Yoochun kompletnie ignorując krzyki najmłodszego członka zespołu, opuścił mieszkanie z uśmiechem na ustach.


~*~

No i po długiej nieobecności w końcu coś nowego. Może i nie najwyższych lotów ale powoli idzie do przodu. Junsu dzisiaj brak....sama jestem tym zdziwiona. No ale fanów pary JaeMin na pewno ten rozdział zadowoli.
W następnym rozdziale postaram się o większy udział tytułowego bohatera :)

środa, 22 września 2010

IntoXIAHcated 7

- Junsu-ah!

Odpowiedziała mu cisza. Spojrzał przez ramię, nasłuchując ewentualnego odgłosu kroków. Zawiązał drugiego buta i przejrzał się jeszcze raz w lustrze.

- Junsu-ah!

Zawołał ponownie i gdy po raz kolejny nie uzyskał odpowiedzi, ruszył w stronę zamkniętych drzwi od pokoju. Zapukał i nie czekając na pozwolenie, nacisnął klamkę wchodząc do środka.
Na zaścielonym łóżku, tyłem do drzwi leżał Junsu.

- Wołam cię, a ty nic

Pełen pretensji głos można było teraz usłyszeć tuż nad postacią chłopaka, który pomimo słów, nie zareagował. Yoochun nachylił się, odnotowując u niego zamknięte oczy i słuchawki w uszach. Jego mina wyrażała ogromne zdziwienie, bo od pięciu lat, które spędzili mieszkając pod jednym dachem, nie zdarzyło się, by Junsu uciął sobie drzemkę w domu, w dodatku w ciągu dnia.
Junsu był jedną z tych osób, które mają aż za dużo energii i niemożliwym wręcz było, aby ta energia pozwalała mu spokojnie zasnąć w porze lunchu.
Zdarzało się jednak zdrzemnąć podczas pracy, kiedy zgodnie z grafikiem musieli spędzić do kilku dni kręcąc nowy klip, bądź robiąc zdjęcia do magazynu.

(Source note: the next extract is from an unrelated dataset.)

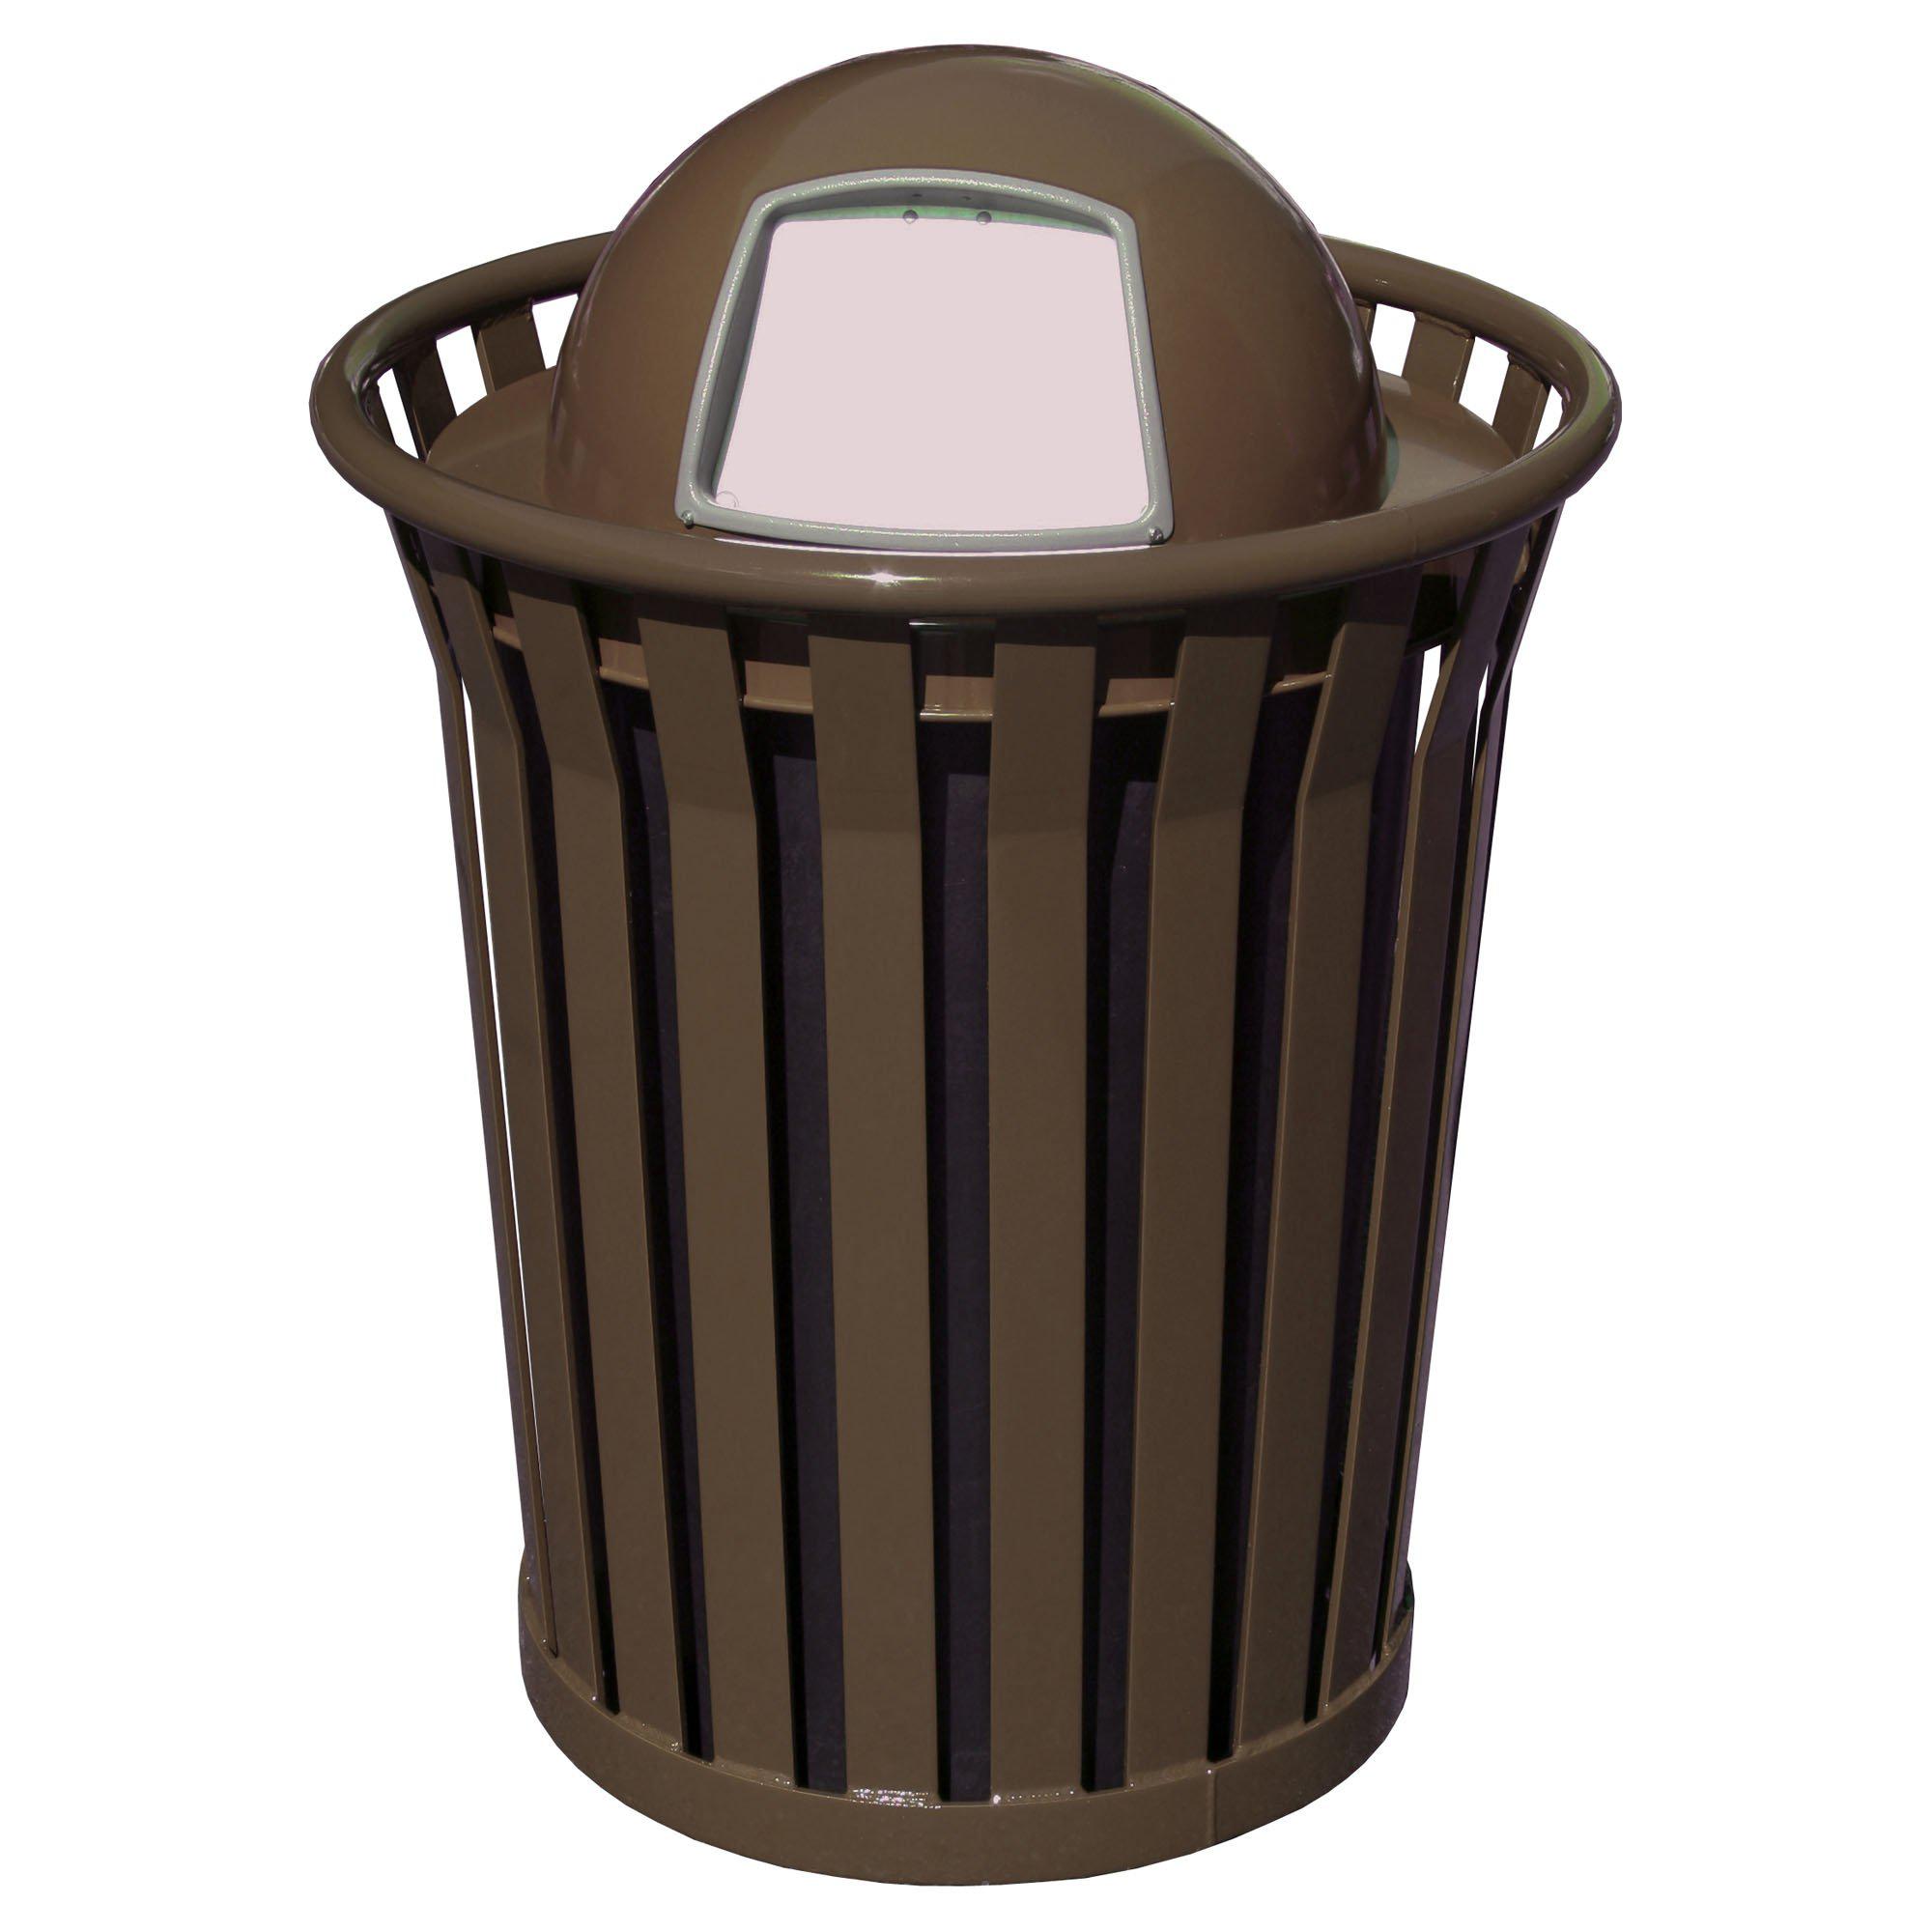 Wydman Collection Heavy Duty Slatted Outdoor Trash Receptacle with Dome Top Lid, 36-Gallon Capacity

Teraz jednak coś było zdecydowanie nie tak. Od przyjazdu do Japonii minął tydzień i w ciągu tego tygodnia Junsu wydawał się zupełnie nie być sobą. Rzucało to się w oczy podczas ich wizyt w programach telewizyjnych i radiowych.
Może i zmiana nie była drastyczna dla zwykłego widza, nawet fana, ale dla reszty zespołu na pewno nie była czymś, co można było zignorować. Jakby cała energia została w Korei, a tutaj przyjechała tylko powłoka. Odpowiadał zdawkowo na pytania zadawane przez prezenterów, nawet ilość jego żartów znacznie się ograniczyła.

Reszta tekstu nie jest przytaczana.